Sue, this is a lovely post. Your community sounds like something out of a movie to me! A beautiful black and white movie...
Sue Glasco says:
Not so idyllic...
Thanks, Mary. I have always been bothered that when I write Christmas annual letters or accounts of farm life, our life often sounds idyllic, and in many ways it is. I try to write accurately since I am writing nonfiction. I try to write positive things partly to make myself appreciate the good things in life. Yet that is only part of the truth. By writing about the good things, I am escaping from the sad things, I suppose. Futhermore, I know that no one can tell the whole truth. The whole truth about a single hour of living would fill volumes. There is no time to write the whole truth even if one were so inclined. Besides no one knows the whole truth in order to write it.
Nevertheless, by my focusing on positive things, I realize I am less honest than I sometimes want to be. One of the things I admire about your writing is that it is multi-faceted in quite subtle ways and suggests a more realistic view of life. You do so without making me sad--or at least sad in a good way similar to Thorton Wilder's litte girl in Our Town when she came back on her birthday.
I was actually thinking of your writing when I wrote the last paragraph above. Yet I was aware that I was categorizing--I have written the good stuff--now let's do a paragraph about the sad stuff. Yet the good and the bad stuff often come all at once--in a whole and not in categories.
For example, in the congregation Sunday was a young man I love partly because the 6th grade girls were so ga-ga over him when he moved into our school. He has had so many bad things happen to him--including one wife who left him and was murdered by her new "lover" who was the son of a wonderful woman I have always admired and consider a friend, although a distant one. Her other son, fine and moral who escaped the drugs that sent his brother to prison for murder, died of a terrible disease a few years ago. Her first husband, a so-called "preacher" led an immoral life and she had to deal with that although she thought she had married wisely as a teenager--never dreaming of the terrible events she would have to endure. As far as I know, she remains sweet and gentle and sane. The daughter of the murdered woman was a young friend of my daughter, and we suffered with her as she grieved her mother and had to go to trials and hear unbearable things.

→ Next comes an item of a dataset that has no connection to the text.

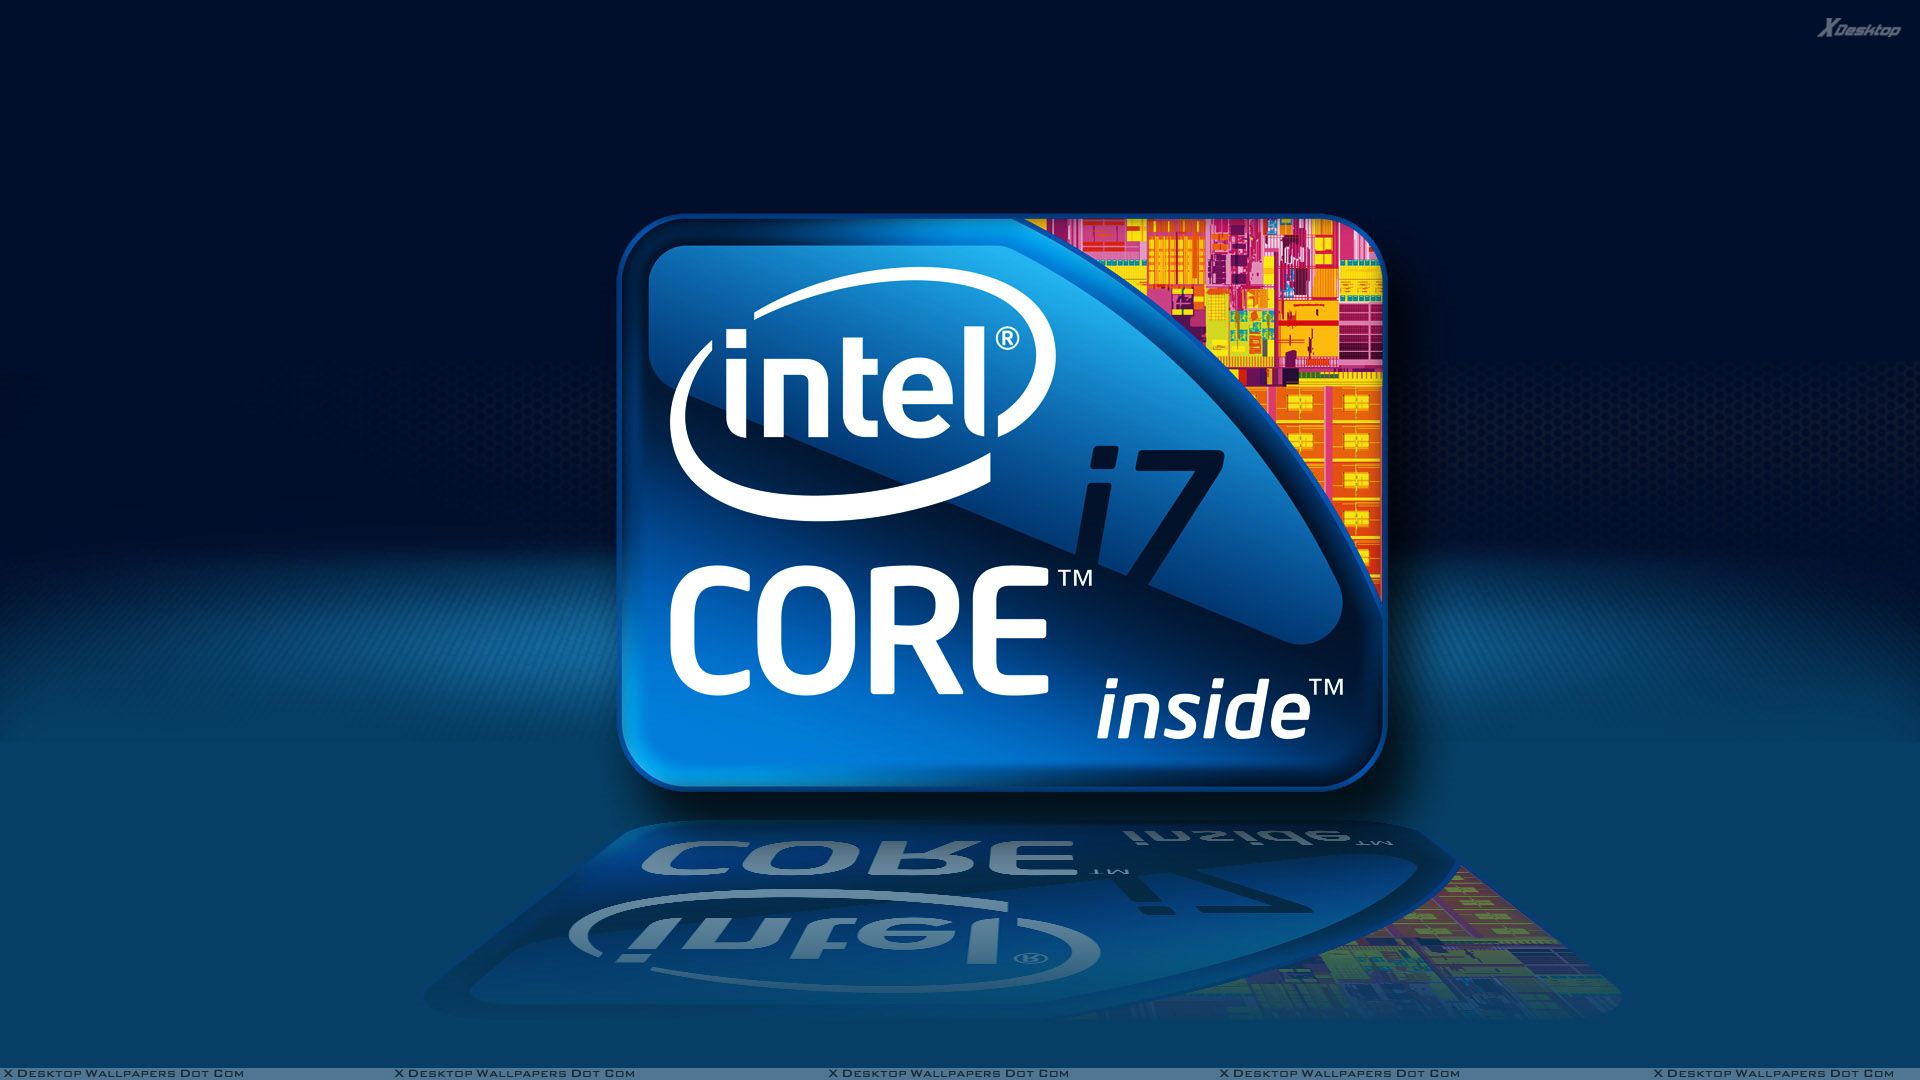 Intel Core i7 Processor On Blue Background Wallpaper

I am just now re-reading Bloody Williamson, a horrific account of all the vendettas, union fueds, gang warfare, mob riots where people went insane, murders, etc. in the county where we now live. Although this book is about events in the 19th and 20th century, I am very aware that right now there is much suffering and immorality and mental illness and meaness in our midst. I am fortunate to be unaffected closely by the worst of this. (So far.) Yet, health problems have and do break our hearts and change our world from what we optimistically expected for our family. While every word I wrote Sunday night was as true as I knew how to make it--the blog is just not the whole truth.